The Center for Strategic Research of the Turkish Ministry of Foreign Affairs (SAM) and the Center for Foreign Policy and Peace Research (CFPPR) jointly organized a seminar at the Fatin Rüştü Zorlu Hall in the Turkish Foreign Ministry on May 21, 2015. As a guest speaker of the seminar, Professor Dr. T.V. Paul, President-elect of the International Studies Association (ISA) for 2015-2016 and James McGill Professor of International Relations in the department of Political Science at McGill University, made a presentation on the subject of “Is Peaceful Accommodation of Rising Powers Possible?”
Professor Paul’s talk started with the question of whether peaceful accommodation of rising powers is theoretically possible or not in the changed international order. More specifically, since non-violent accommodation is very rare throughout history, he spoke of how today’s power transition processes in East Asia and Eastern Europe present a global conflict potential. Considering this as a significant but less discussed problem, he proposed ways of creating legitimate accommodation that many countries can accept for peaceful change.
In the second part of his talk, Professor Paul addressed mainstream theories of International Relations to explore whether those theories have come up with ideas for explaining peaceful accommodation. He implied that liberal, realist, and constructivist theories have not been successful in explaining peaceful change and are prone to producing either vicious conflicts or legitimacy deficits that rising powers have to face. In addition to IR theories, he also pointed out how the internal political order of a rising power as a factor itself may constrain peaceful change.

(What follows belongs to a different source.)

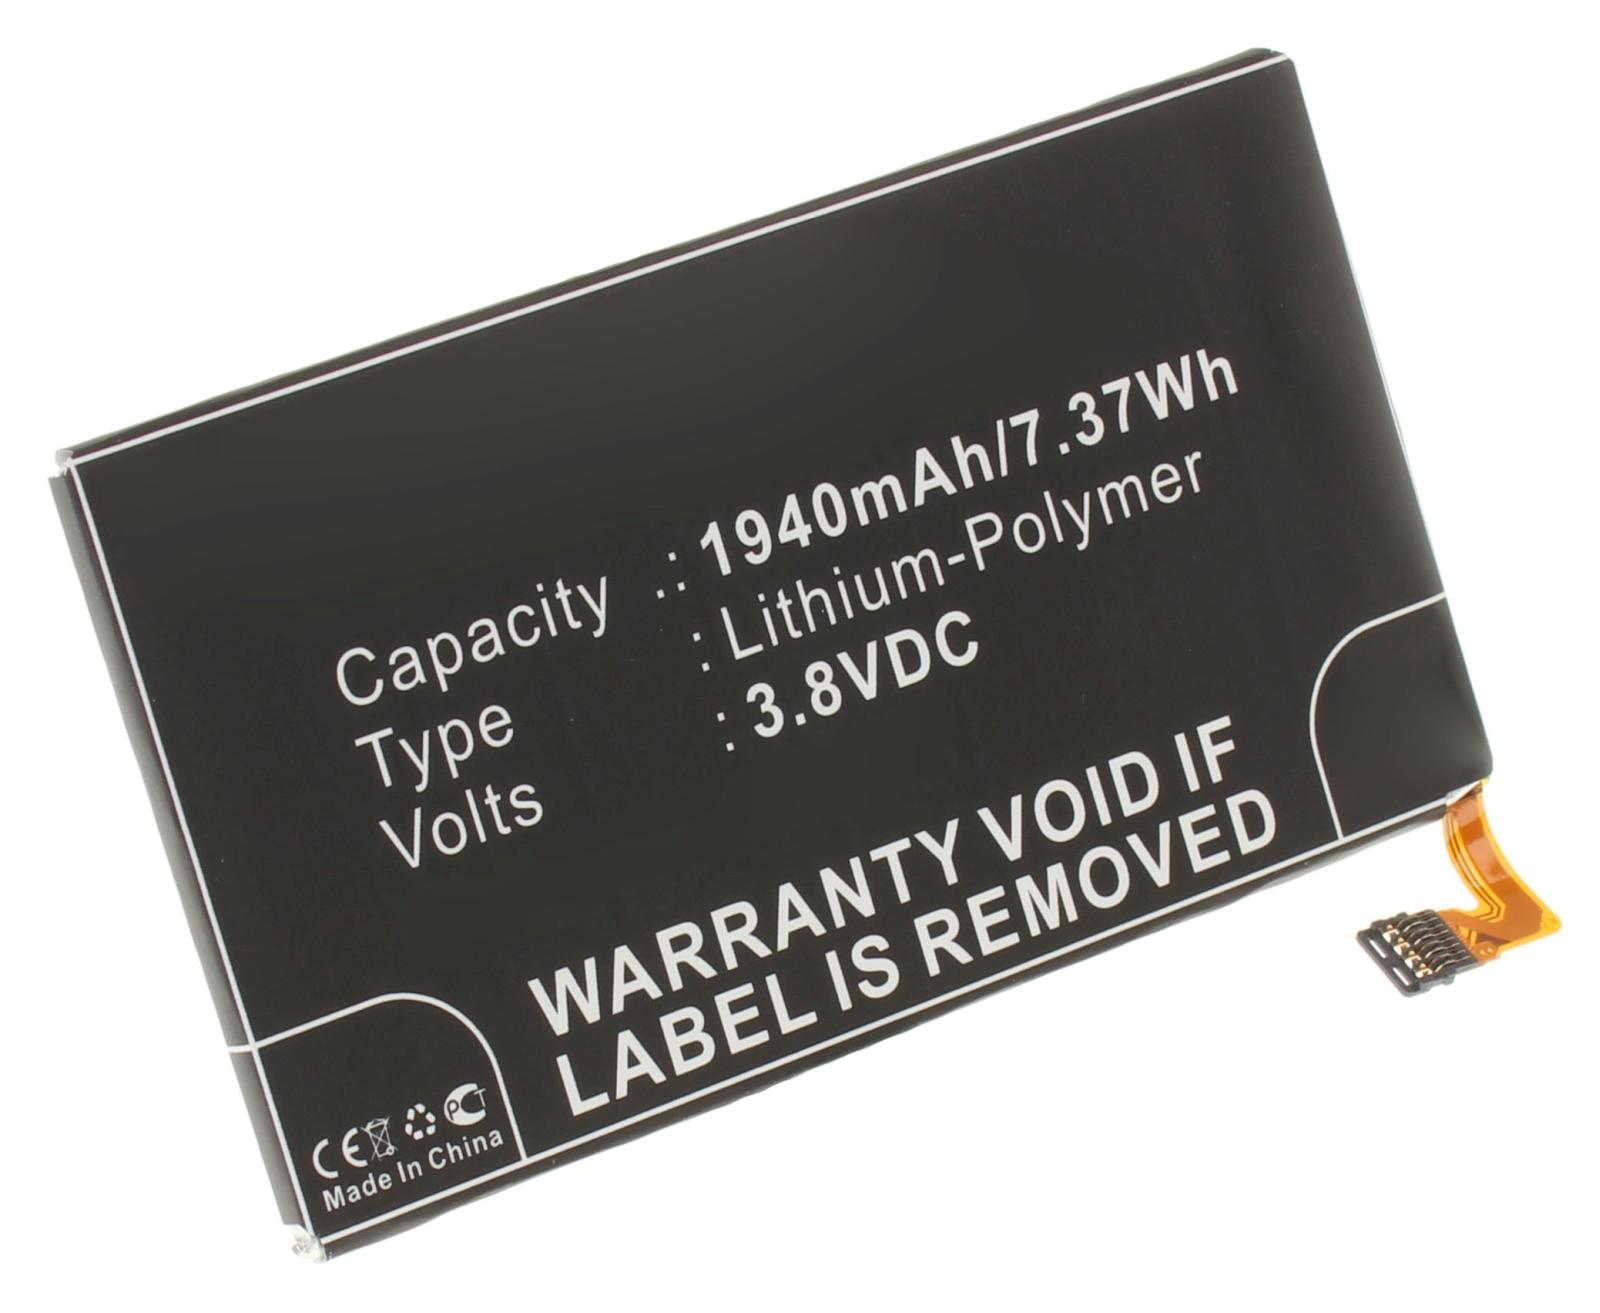 Аккумуляторная батарея для телефона, смартфона Motorola RAZR I. Артикул iB-M588.Емкость (mAh): 1940. Напряжение (V): 3,8

Professor Paul concluded his presentation by arguing that peaceful accommodation is possible through pursuing grand strategies of change by both the established and rising powers. A peaceful change, he suggests, is possible with a mixed strategy that requires global actors to adapt mutual acceptance of each other’s values, provide areas of influence, intensify economic interdependence, and allow rising powers to have effective roles in global institutions.